- What the task requires
Each line below should be repeated exactly as written, with no pictures carried over.

- Given material
..........
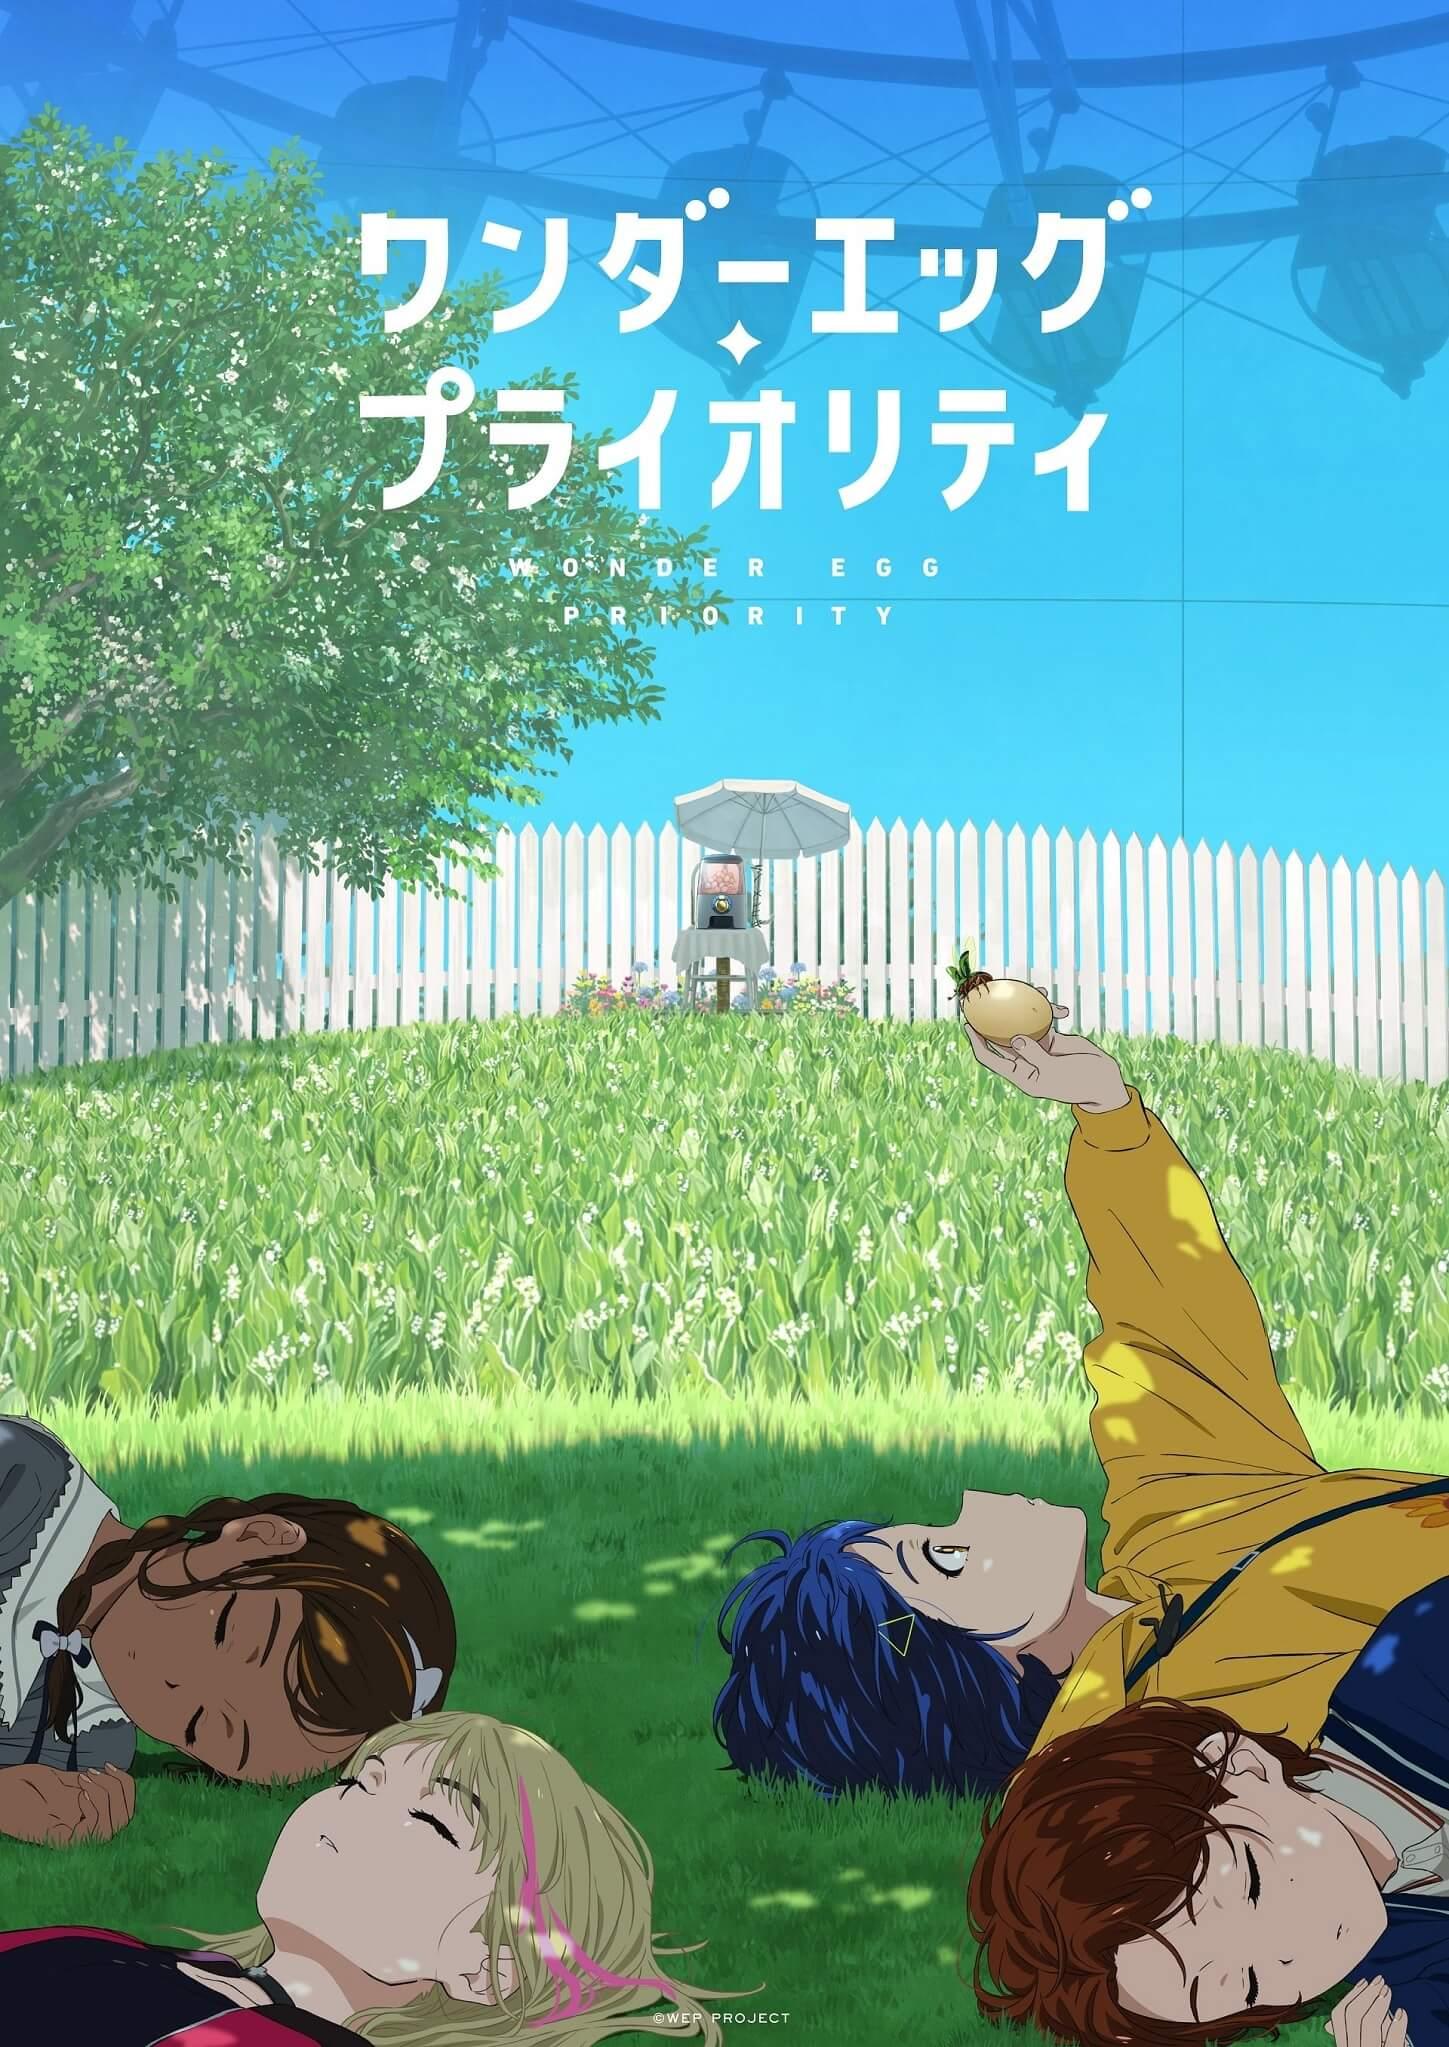 Wonder Egg Priority - Anime original revela Data de Estreia
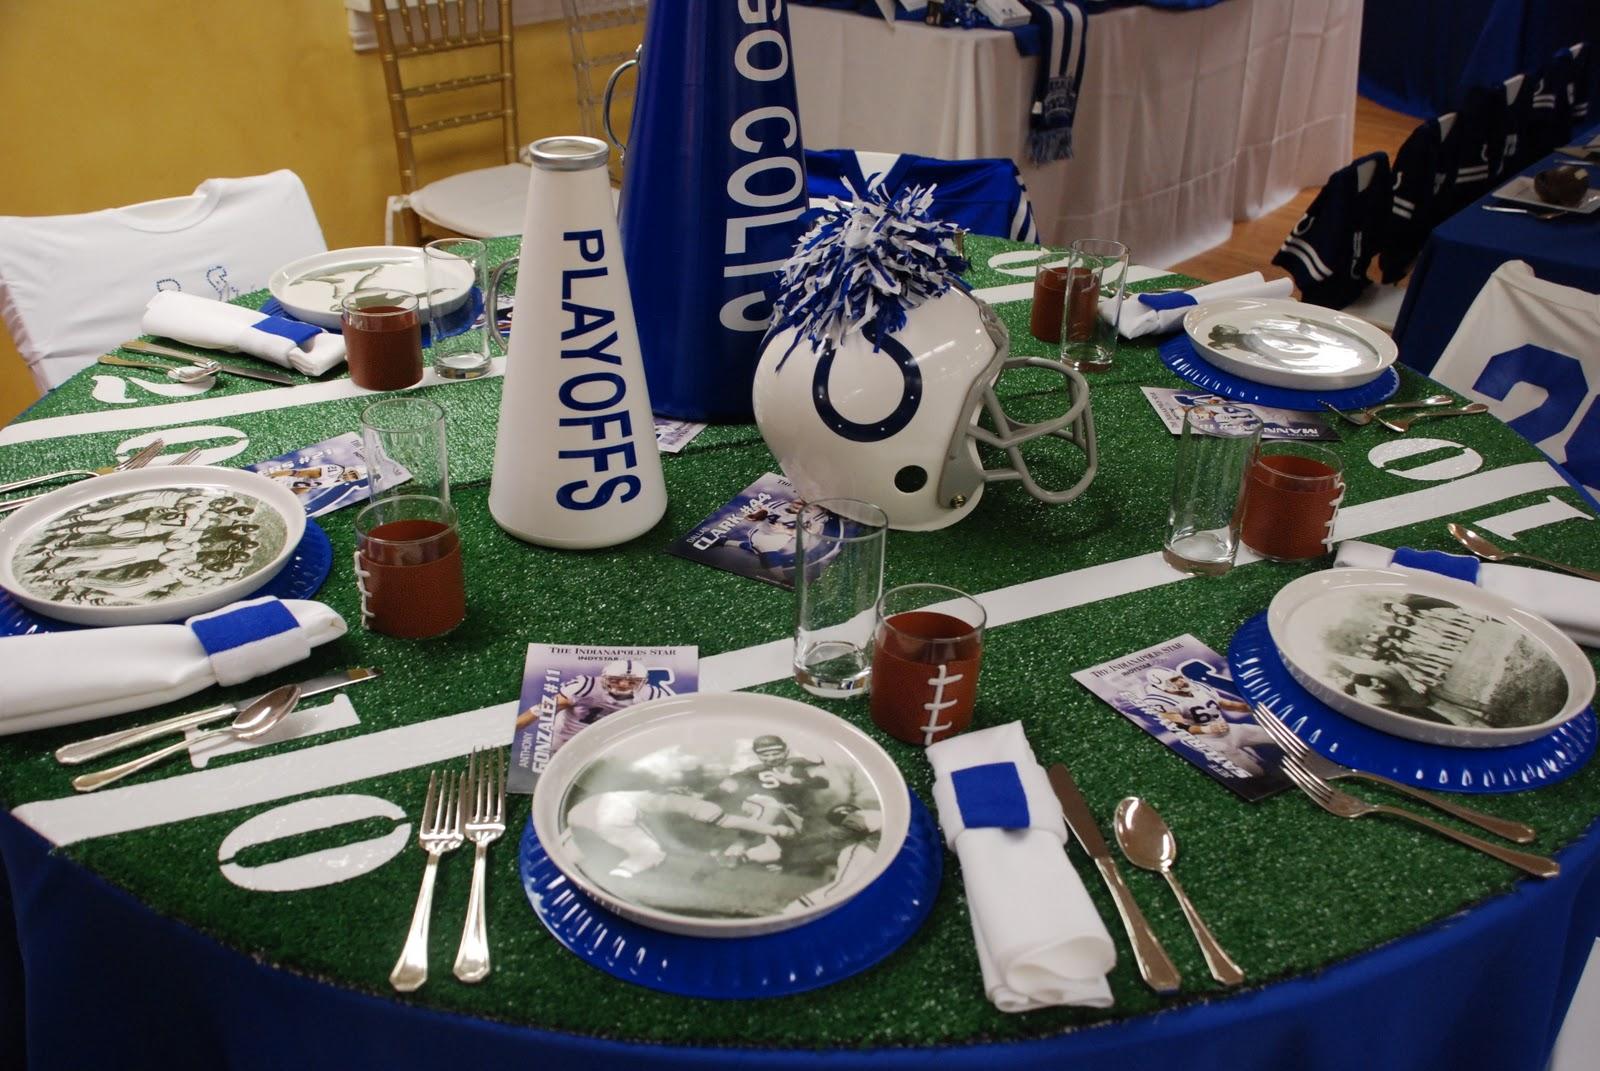 Football Banquet Centerpiece Ideas
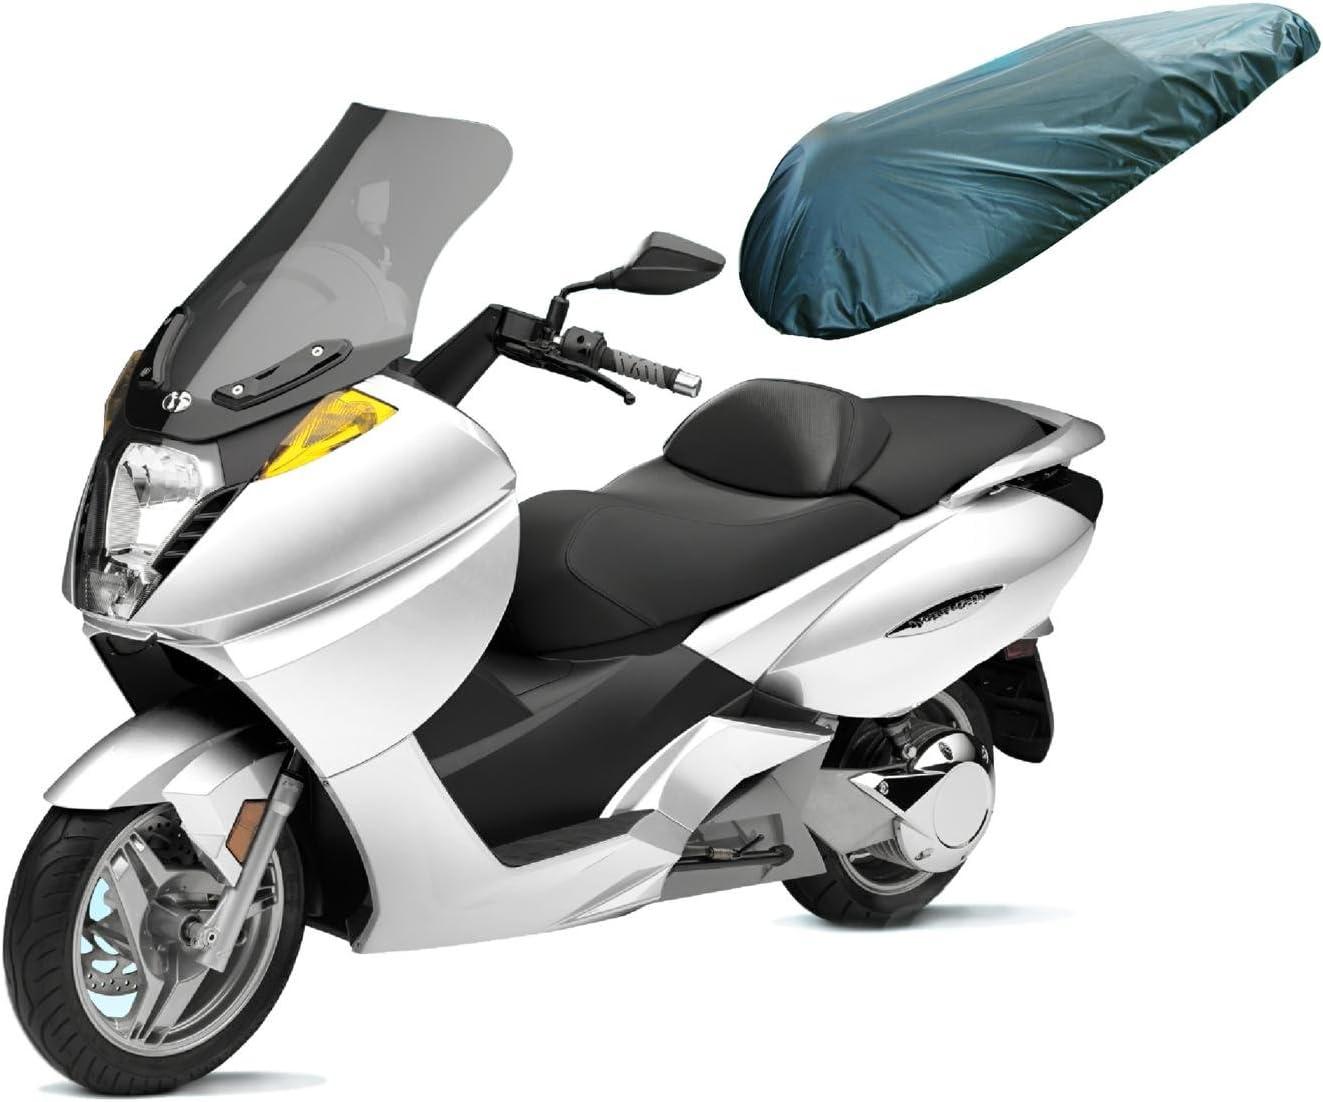 A de Pro Universal Motorcycle Motorbike Nylon Heavy Duty Waterproof Seat Covers Black L
..........
- Written answer
 Wonder Egg Priority - Anime original revela Data de Estreia
 Football Banquet Centerpiece Ideas
 A de Pro Universal Motorcycle Motorbike Nylon Heavy Duty Waterproof Seat Covers Black L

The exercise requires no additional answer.